Thank you for your input Jen! I have always perceived that 5.6.1 stating "records of management reviews shall be maintained" meant just that...."all records shall be maintained". This I believe was bolstered by 5.6.1 being a section titled "General" which then applies itself in generality to the whole process. Unlike 2015 that states records shall be retained "of the results of management reviews"; "results" would indicate that the conclusions of the review and its outputs are the only thing that need be retained. This is further supported by the retention requirement being stated subordinate to 9.3.3 (Management review outputs). This alienates the requirement from 9.3.1 and 9.3.2. I do believe that the review requirements or 2015 are superior to those in 2008. However, I do believe that the records (i.e. evidence) required by 2015 are inferior.

I am a quality manager, a AS9100 LA, a ISO9001 LA and a NQA-1 Nuclear LA. When I assess a management review I want to see the inputs, who participated, when it was accomplished and the outputs. I have had organizations challenge the need to have anything but outputs and this causes a conundrum to those of us that prescribe to literal text rather than tribal knowledge.

In a hypothetical situation, a management review record for the 2015 standard could be complete as follows;

1) This review determined no opportunities for improvement during the period.
2) No need for QMS changes have been determined during this review.
3) Resources have been determined as adequate for the effective operation of the QMS.

Spike the ball and we are done!

Note: If one adheres to the IAF/AGP document, you need to include your budget in the outputs. Though, this is certainly not stated by ISO9001 (any edition).

 

[Sidney Vianna]

I am a quality manager, a AS9100 LA, a ISO9001 LA and a NQA-1 Nuclear LA. When I assess a management review I want to see the inputs, who participated, when it was accomplished and the outputs. I have had organizations challenge the need to have anything but outputs and this causes a conundrum to those of us that prescribe to literal text rather than tribal knowledge.

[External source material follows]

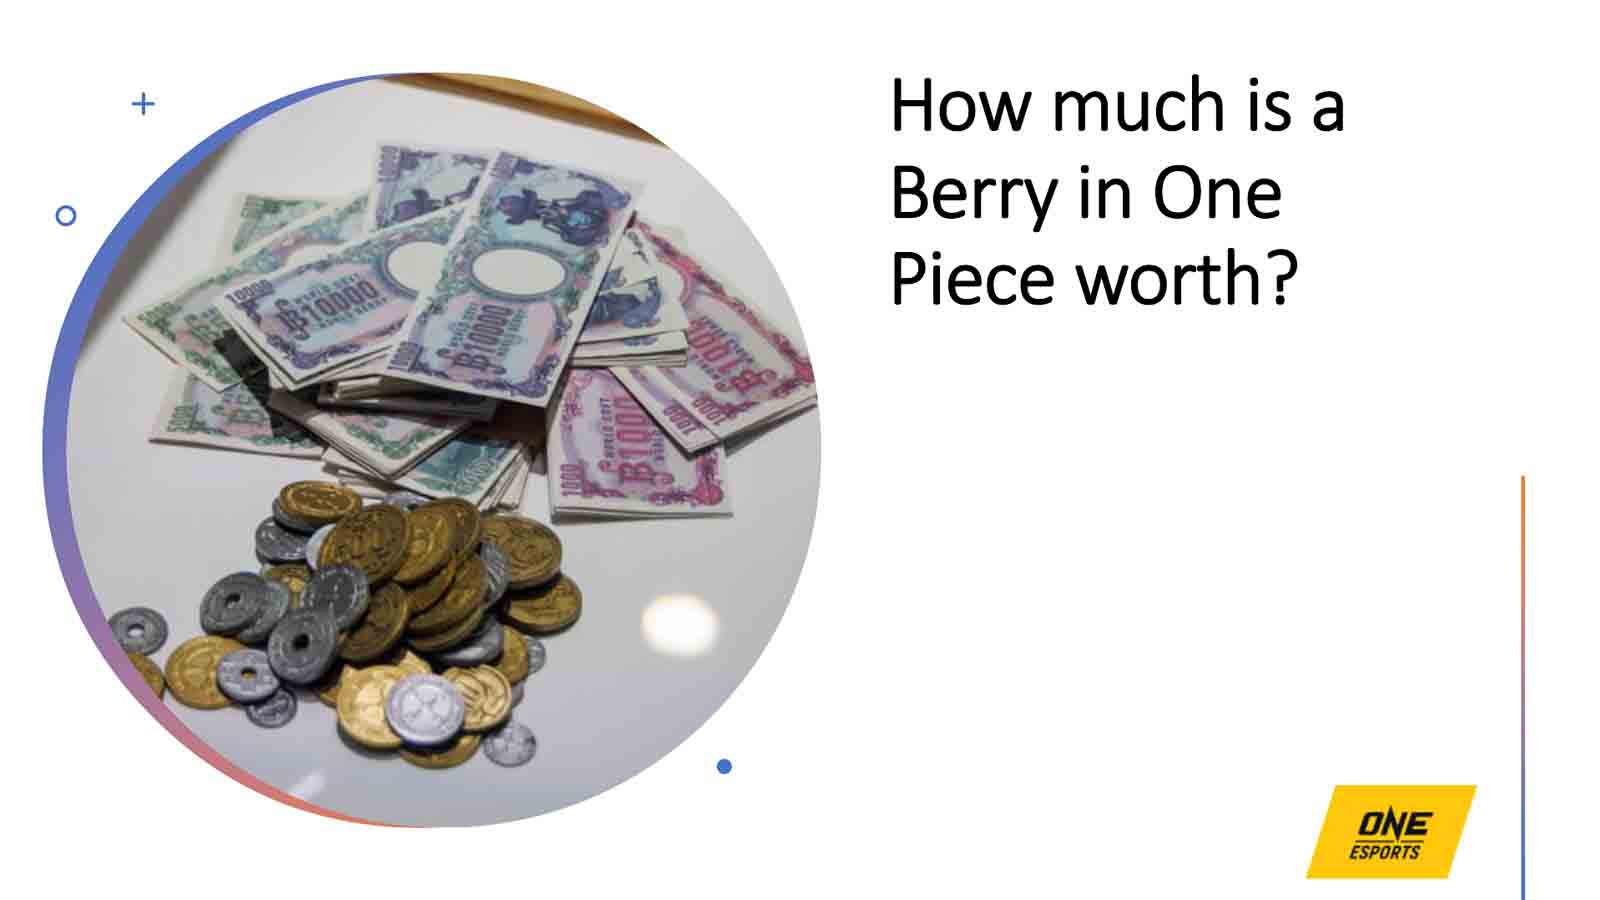 One Piece Live Action Netflix Currency Props in ONE Esports Item Suggestion Image "How much is a berry worth in One Piece?"

The context of your professional background might be affecting your expectations. If you deal in highly regulated environments, such as the nuclear industry, you are used to extremely tightly controlled business (including quality) practices.

As I said before, the ISO TC 176 SC 2 WG 24 revised the ISO 9001 document with one of the mandates being: Thou shall make it of broader use...
So, ISO wants the standard to be deployed in the bakery down the street and the dry cleaners in the corner, at the same time it can be used by a defense supplier making nuclear weapons.

You can't expect the same level of controls. That's why context of the organization and expectations of relevant stakeholders became explicitly mentioned in the standard.

But, I still question: with all this at play, is still a standard?